In /dist/bundled-runtime-deps-BdEAdjwi.js (or the corresponding source file), the package.json is hardcoded to omit dependencies, and the specs are passed directly via npm CLI arguments. In newer npm versions, building the ideal-tree in an empty package root with CLI specs causes version parsing to crash during deduping.

✅ Proposed Solution (Code Snippet)

Instead of an empty package, parse params.missingSpecs and populate the dependencies field in the generated package.json.

Before:

if (isolatedExecutionRoot) {
  fs.writeFileSync(path.join(installExecutionRoot, "package.json"),
    `${JSON.stringify({name:"openclaw-runtime-deps-install",private:true},null,2)}\n`, "utf8");
}

After:

if (isolatedExecutionRoot) {
  const __deps = {};
  for (const __s of params.missingSpecs) {
    const __i = __s.startsWith("@") ? __s.lastIndexOf("@") : __s.indexOf("@");
    if (__i > 0) __deps[__s.slice(0, __i)] = __s.slice(__i+1);
  }
  fs.writeFileSync(path.join(installExecutionRoot, "package.json"),
    `${JSON.stringify({name:"openclaw-runtime-deps-install",private:true,dependencies:__deps},null,2)}\n`,
    "utf8");
}

💻 Environment

• OS: macOS (Apple Silicon)
• Node: v25.6.1
• npm: v11.x
• OpenClaw version: 2026.4.24

By injecting the specs into the package.json, npm resolves the ideal-tree cleanly without raising the Invalid Version exception. I've tested this patch locally and it completely resolves the crash loop.

[Charpup]

Same bug also affects Node v22 / npm v10 — different symptom (destructive prune loop, not crash)
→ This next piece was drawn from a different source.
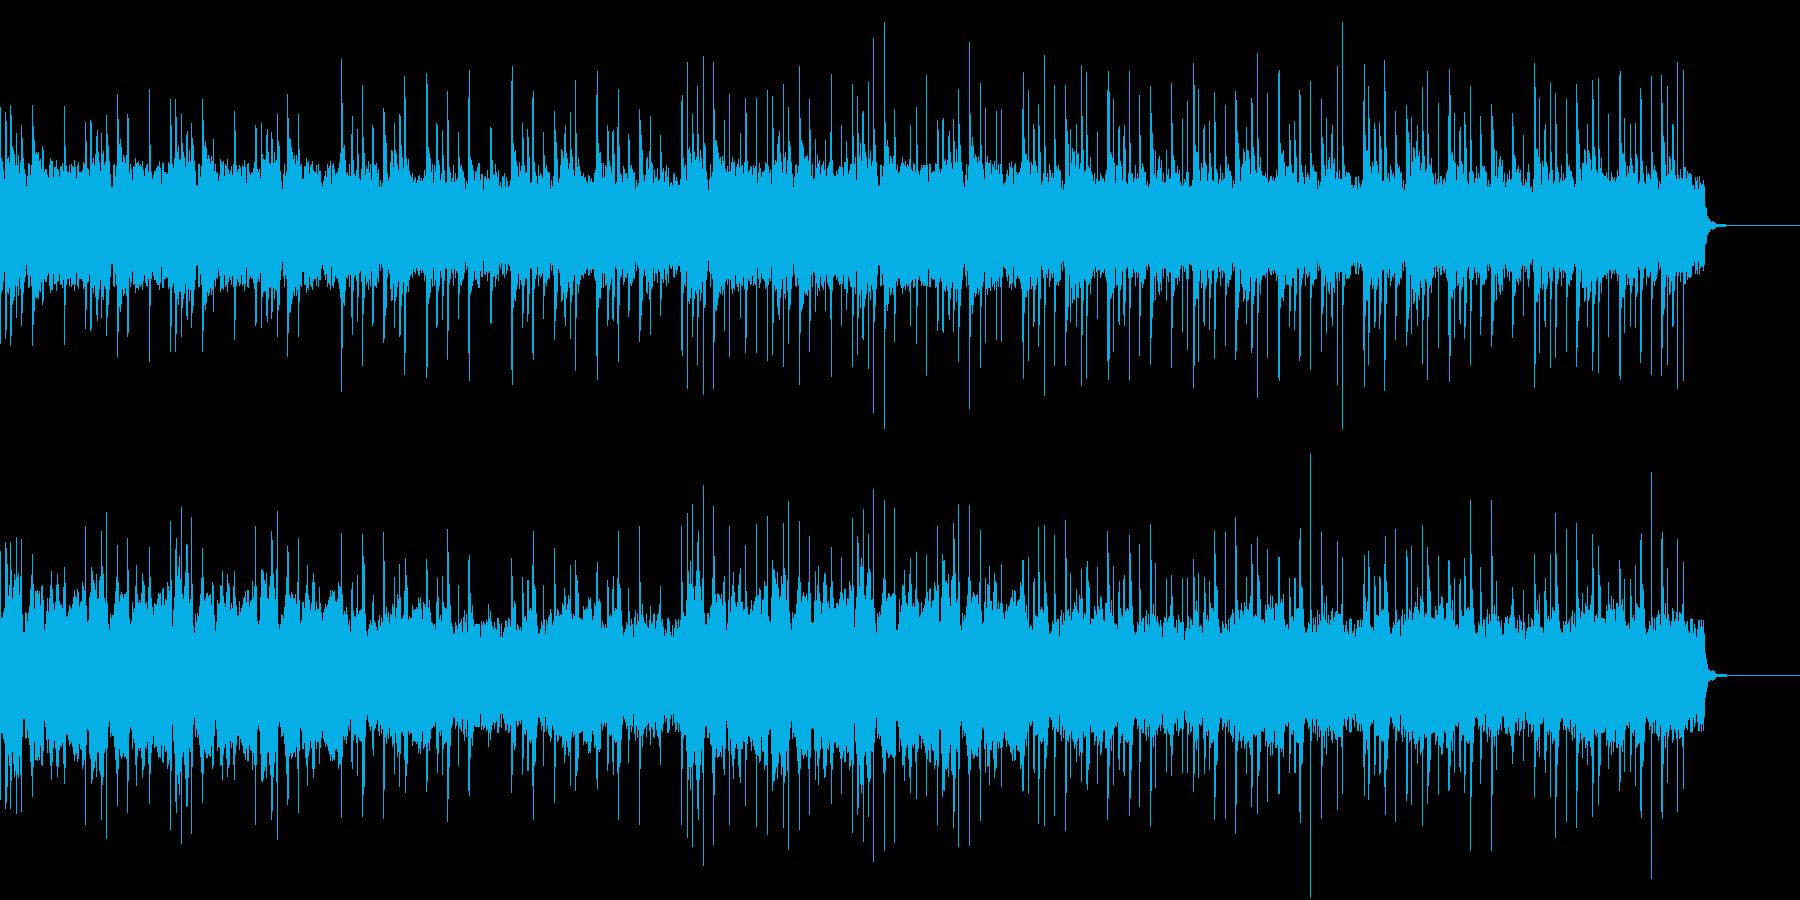 【戦国武将図〜メインテーマ】琴メロverの再生済みの波形
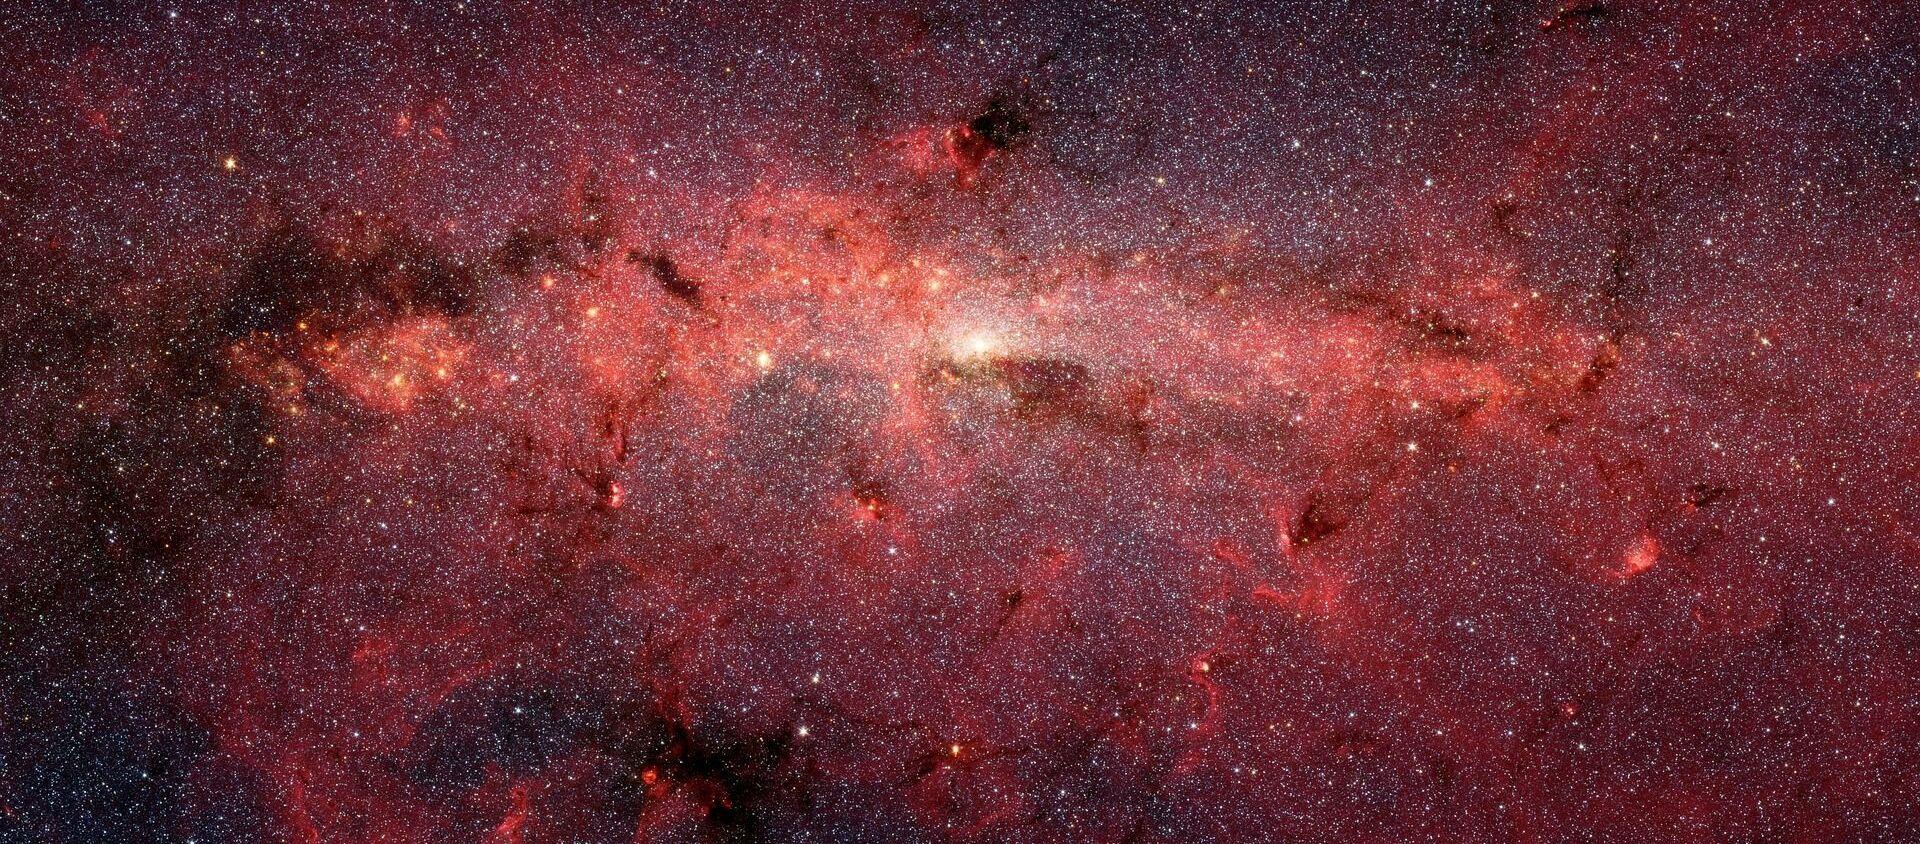 La Vía Láctea, nuestra galaxia - Sputnik Mundo, 1920, 06.02.2021

Confirming this bug also reproduces on Node v22.22.0 + npm v10, but with a different failure mode: instead of crashing, npm silently treats every package outside params.missingSpecs as extraneous and prunes it. Combined with concurrent lazy-stage triggers across multiple plugins, this creates a destructive perpetual loop — every 5–6 minutes a fresh cycle prunes the 87+ packages that the previous cycle just installed.

Environment

• OS: OpenCloudOS 9 (Linux 6.6.117-45.1)
• Node: v22.22.0
• npm: v10.x
• OpenClaw version: 2026.4.24

Symptom (no crash, but worse for production)

• Every 5–6 min, lazy-stage runs npm install --no-save <39 specs> against package.json with dependencies: {}
• npm dedupe parses fine on this older version, but classifies all other packages (from previously-staged plugins) as extraneous → prunes them
• Multi-plugin race: concurrent lazy-stage cycles mutually prune each other's deps (acpx / discord / feishu / kimi / memory-core / openai / qqbot / telegram all hit at once)
• spawnSync(npm) blocks event loop ~24–60s per cycle
• All channels (Discord, Feishu, etc.) HTTP/WS time out during the block
• Discord WebSocket session permanently degrades: close=1000 + resume=true loops, eventually invalid-session, resume=false

Forensic evidence

Direct command on a stuck deployment (before any mitigation):

$ cd /root/.openclaw && npm install --no-save chokidar@^5.0.0
added 2 packages, removed 87 packages

The removed 87 packages line is the smoking gun. Across cycles, packages like @anthropic-ai/sdk, @aws-sdk/client-bedrock, @google/genai, @mariozechner/pi-ai, @modelcontextprotocol/sdk, chokidar all get pruned and re-downloaded repeatedly.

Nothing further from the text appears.